Truly, these subscription services are made for people (like our friend and colleague Gene Park) who so thoroughly grasps hundreds of games that putting down one and picking up another is a frictionless process. These folks will get boundless value — and good on them for it. But for me, the offer just means paying an extra $60 to stare at the titles on the spines and think, “That’d be fun to play some day.”
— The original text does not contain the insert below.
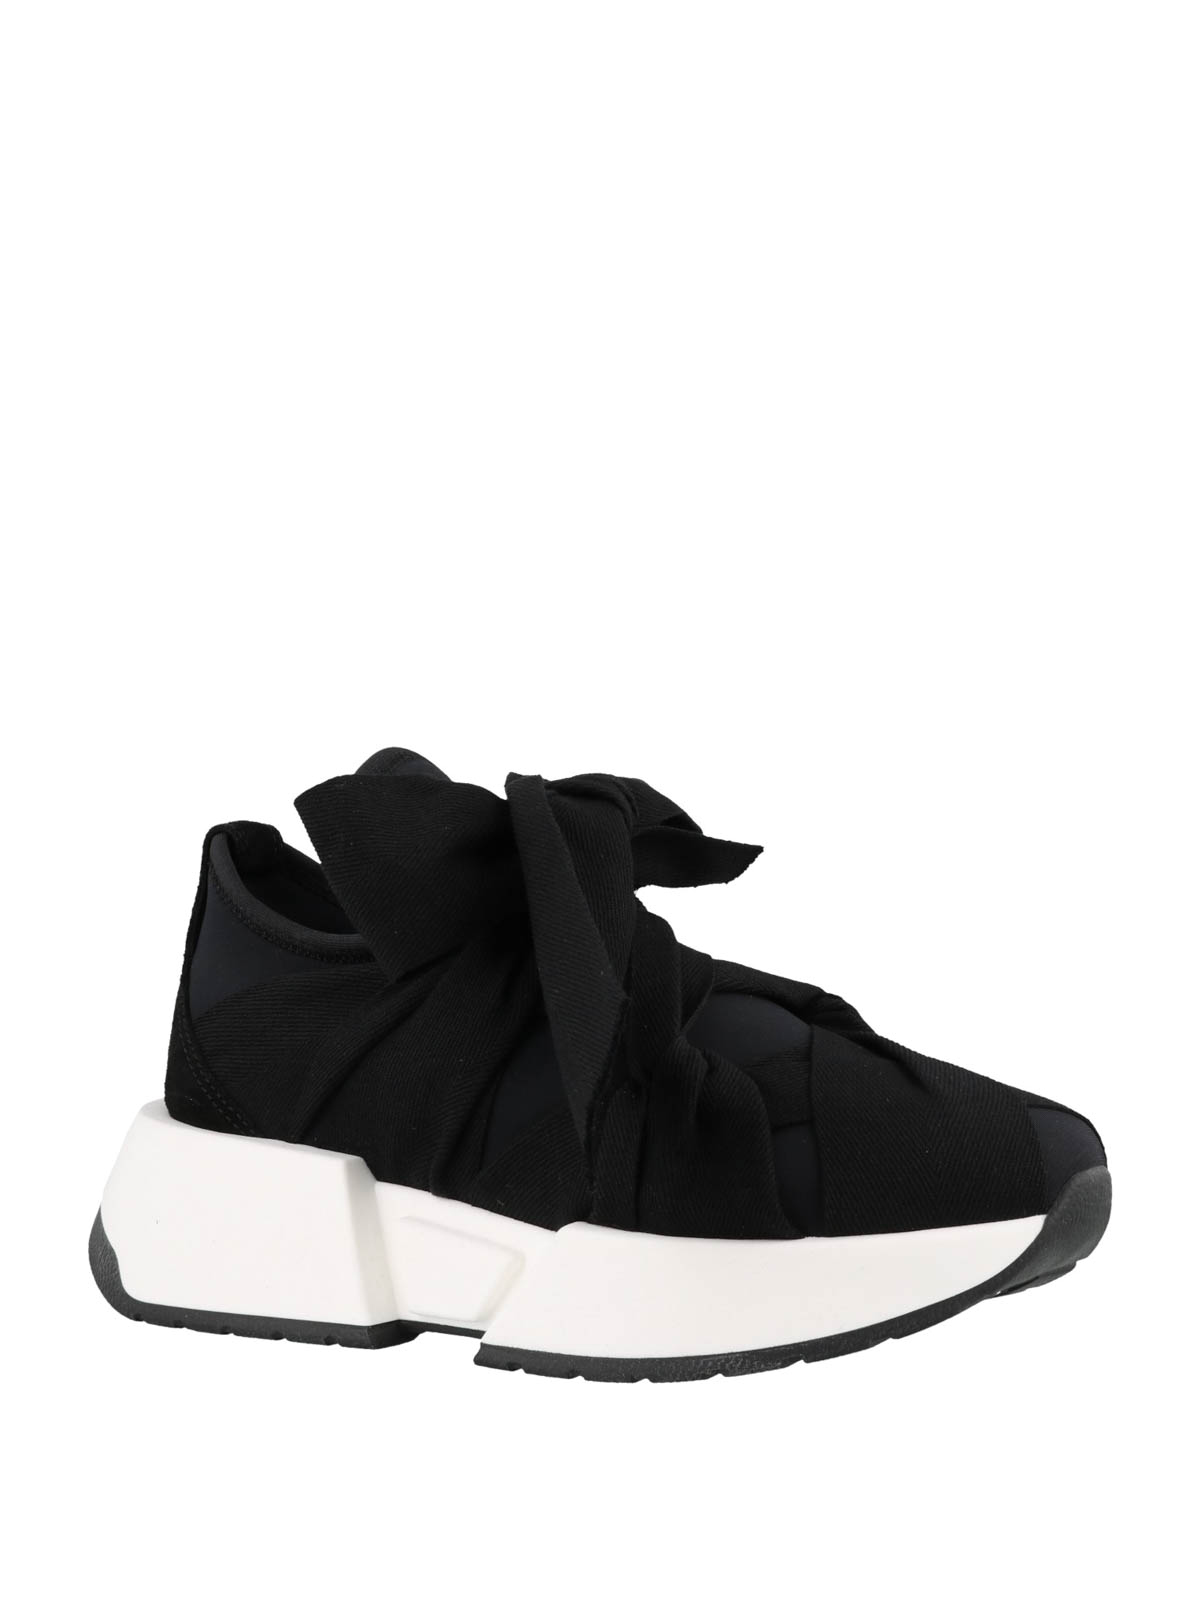 MARGIELA con Sneaker online MAISON tessuto sneakers MM6 fiocco in w5axqzS
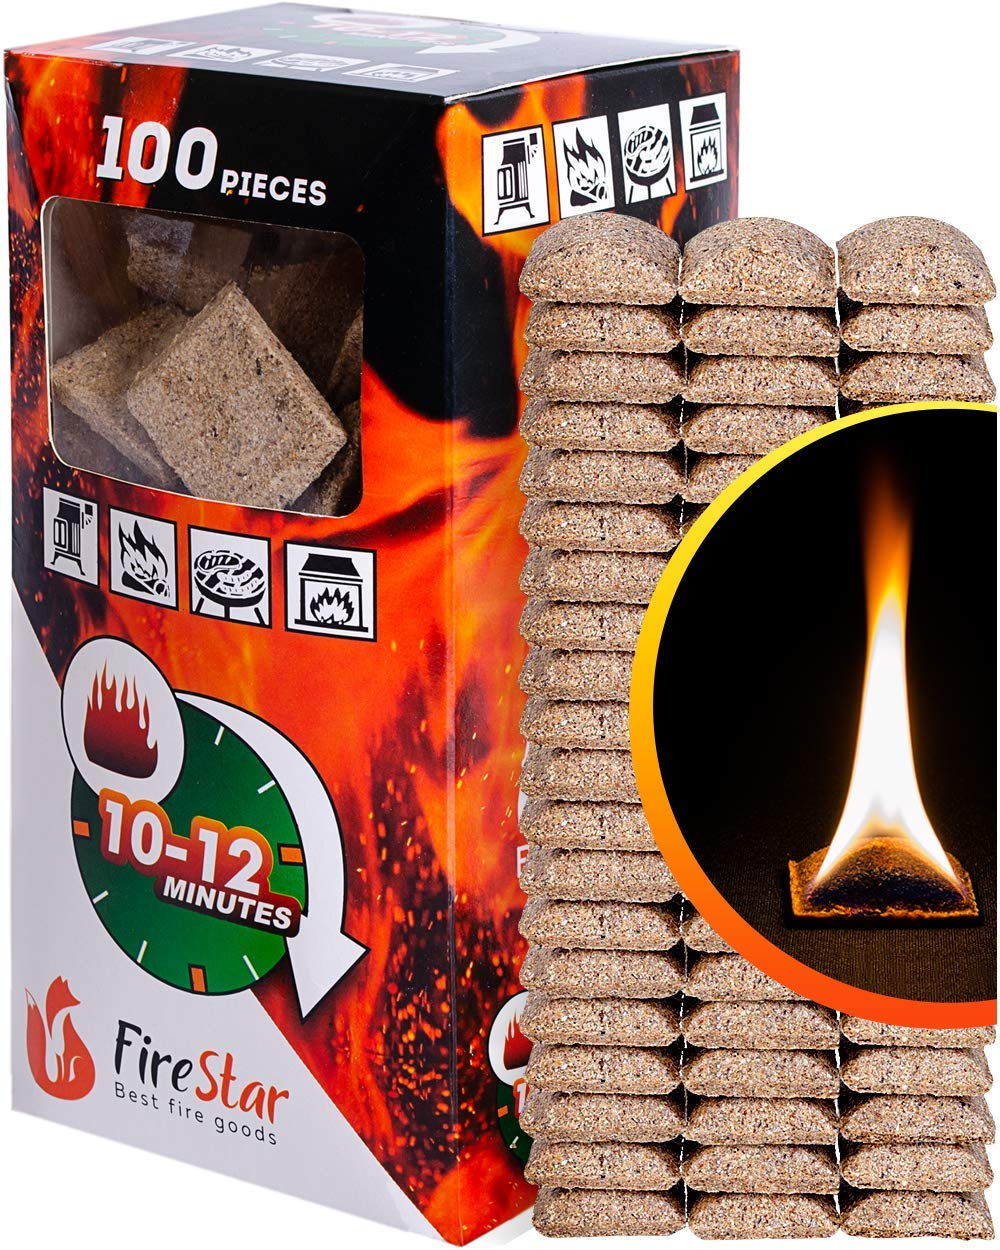 amazon com fire starter squares 100pc fire starters for fireplace rh amazon com fireplace fire starters homemade fireplace fire starter log

For everything offered with PS Plus Premium, this should be a no-brainer purchase. When it comes time to renew, though, I’m not sure it will be for me. Given the sheer volume of time I spend playing a single game (“Warzone”) am I really going to be able to extract enough value from PS Plus Premium to justify spending $120 a year on the service? The same question goes for Xbox Game Pass.

It would be great to have access to all of these games, but is it worth tethering myself to a recurring annual fee if I’m only picking up titles in fits and starts, if at all? My eventual answer will likely come down to time more than money, and there’s nothing PlayStation, Xbox, nor any other game company can do — be it adding more retro games or new titles to the catalogue — to solve that problem for me.